In the last-mentioned case, Crockett J (at 177-178) described the historical process with which all are familiar:

"... [g]overnments in the past century have increasingly entered into new and wider fields of activity. Communications and transport have become the concern, often the monopoly, of government, as too has the production, distribution and sale of essential forms of energy. Industries and commercial undertakings in some instances have been nationalized, whilst in many others their products have been compulsorily made the subject of publicly operated marketing agencies. The retention of a rule giving special immunities to the Crown when public organizations and private enterprise operate side by side would seem difficult to justify. Indeed, in a number of ways in many areas privileges have been statutorily circumscribed, if not completely abolished, but the doctrine in its remnant form remains capable of working injustice ...
It has ... been established that only those agencies of the central government which have a close connexion with the Crown may rely upon its privileges. For the past century, the courts in England and the dominions have often been called upon to determine what constitutes a close connexion in the relevant sense. Not surprisingly, the authorities reveal a persistent narrowing of the ambit of the doctrine. Equally unsurprisingly, the commentators have just as persistently complained that the courts have not gone far enough."

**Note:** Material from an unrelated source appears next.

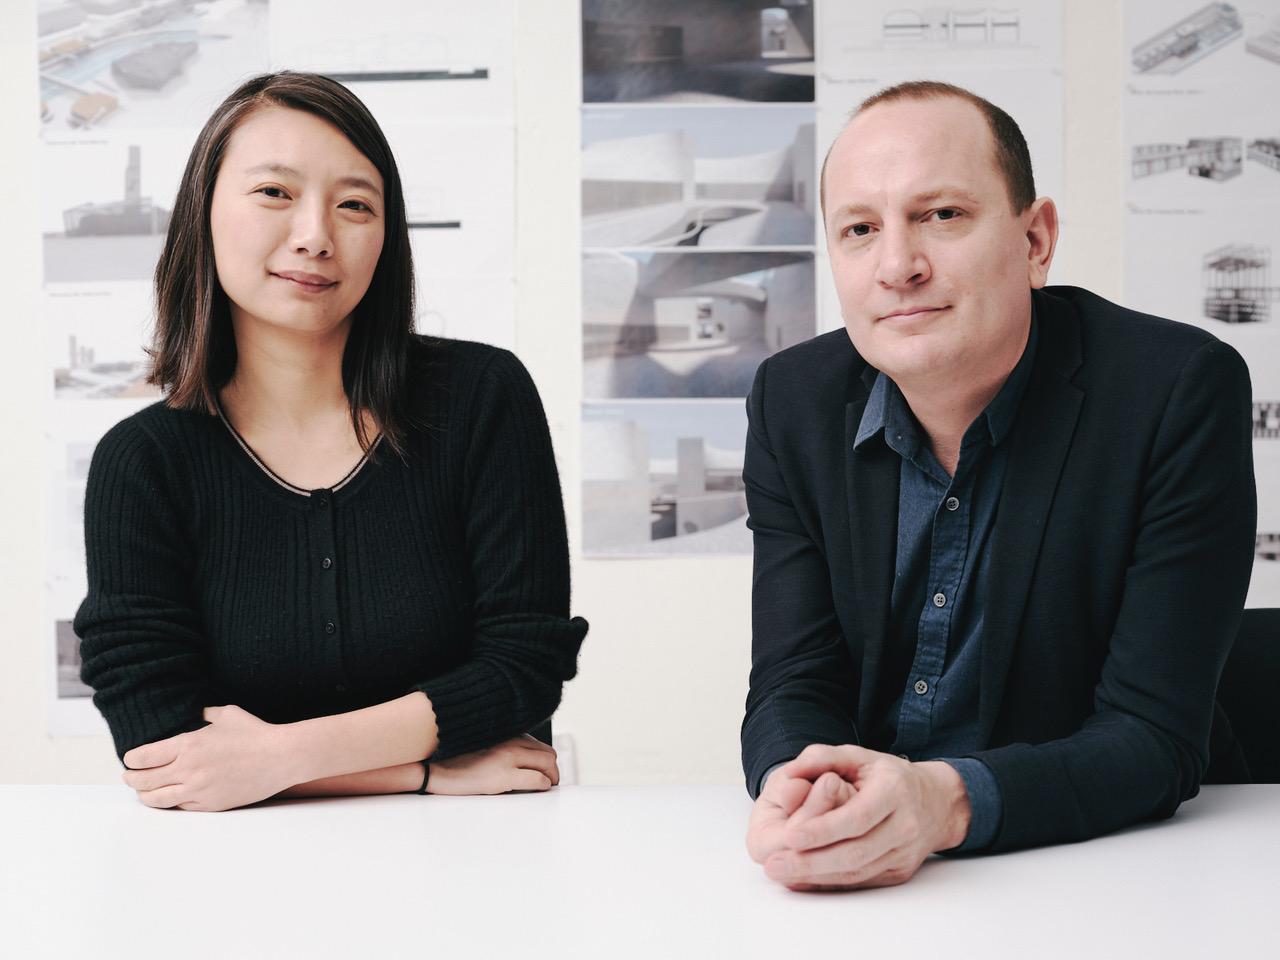 Jing Liu and Florian Idenburg
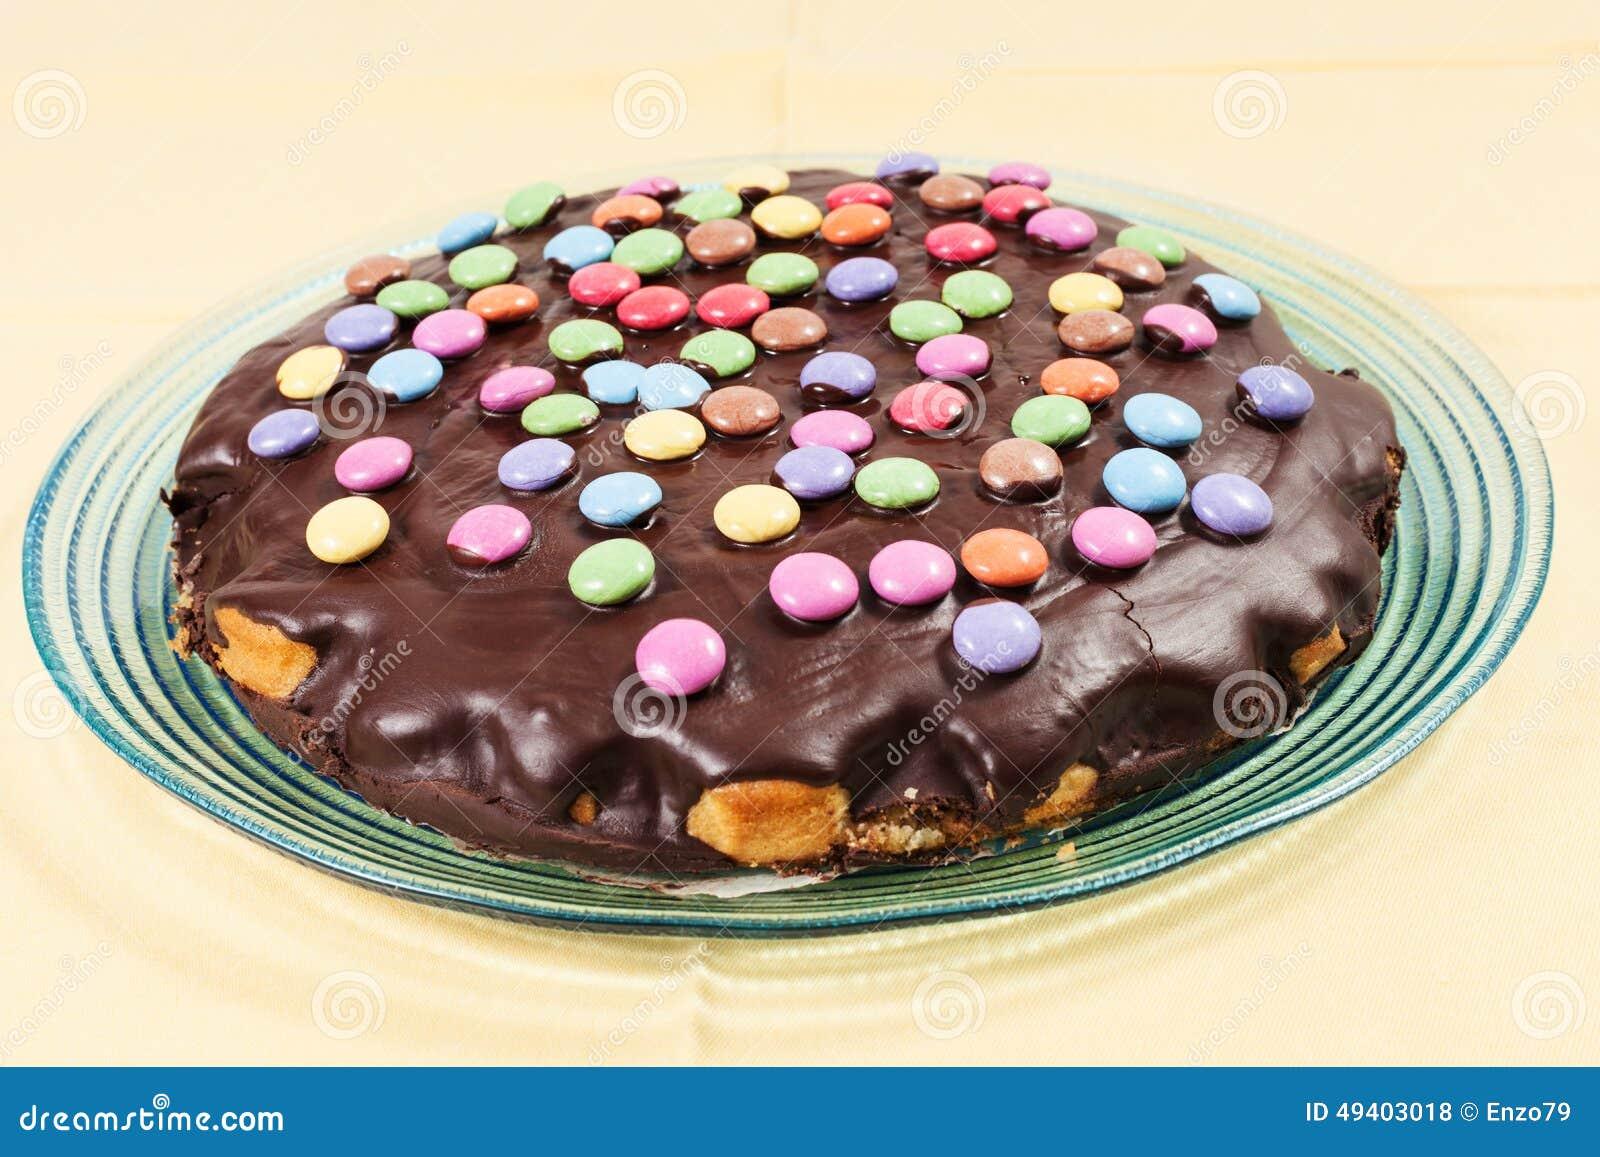 Download Schokoladenkuchen Mit Alleswissern Stockfoto - Bild von vereisung, kalorien: 49403018

From Taylor and other like cases, various indications can be derived to assist courts to draw the boundary between "service of the Crown" and activity which, although connected with a public and statutory enterprise, is not to be so regarded:

(1)
Incorporation, with the power granted by parliament to carry on public functions, has often been taken as an indication that the statutory corporation in question is distinct from the Crown, "unless Parliament has, by express provision, given it to the character of a servant of the Crown": see The Mayor, Aldermen and Citizens of the City of Launceston v Hydro-electric Commission (1959) 100 CLR 654 at 662. This principle has been held to apply with particular force to commercial corporations which are taken to act on their own behalf: see Tamlin v Hannaford [1950] 1 KB 18 at 25;
(2)
Consideration will be given to the intimacy of the connection of the body with the modern manifestation of the Crown in government, that is, the Executive Council or the ministers. This requires identifying "the primary and inalienable functions of government" which are protected by the shield of the Crown: Coomber v Justices of the County of Berkshire (1883) 9 App Cas 61 at 74; Taylor (at 179);
(3)
To the extent that the body in question is engaged in commercial activities or " quasi -commercial" functions such as the generation and sale of electrical energy, there is a tendency to regard it as being outside the core features of the "service of the Crown". Commercial activities were neither historically nor of necessity conceived to be part of the activities of the Crown as such; and
(4)
The answer in each case is to be found by examining the body in question, studying the statute establishing it and considering whether its purposes, functions and the degree of governmental control, bring it into the embrace of Crown service or put it outside that notion: see Taylor (at 181). It is always then possible for the legislature expressly to bring the service in question into the ambit of "the service of the Crown" or "government employment". It can do so, as it did in the present Act, by the express provisions in s 4 which extended the GREAT Act to certain designated "employing authorities" listed in Schedule 4 to the Act. But it can also do so by a general expression such as the one upon which Mr Reid relied. This includes among the employees entitled to the benefits of the Act "a person ... who is employed in the service of the Crown" but who is not otherwise within the definition of "employee" and is not, as such, a member of the Public Service of the State or employed by a designated employing authority. This broadly expressed "catch-all", as the last defined category of "employees" entitled to the protection of the Act, must be given meaning. But what is that meaning?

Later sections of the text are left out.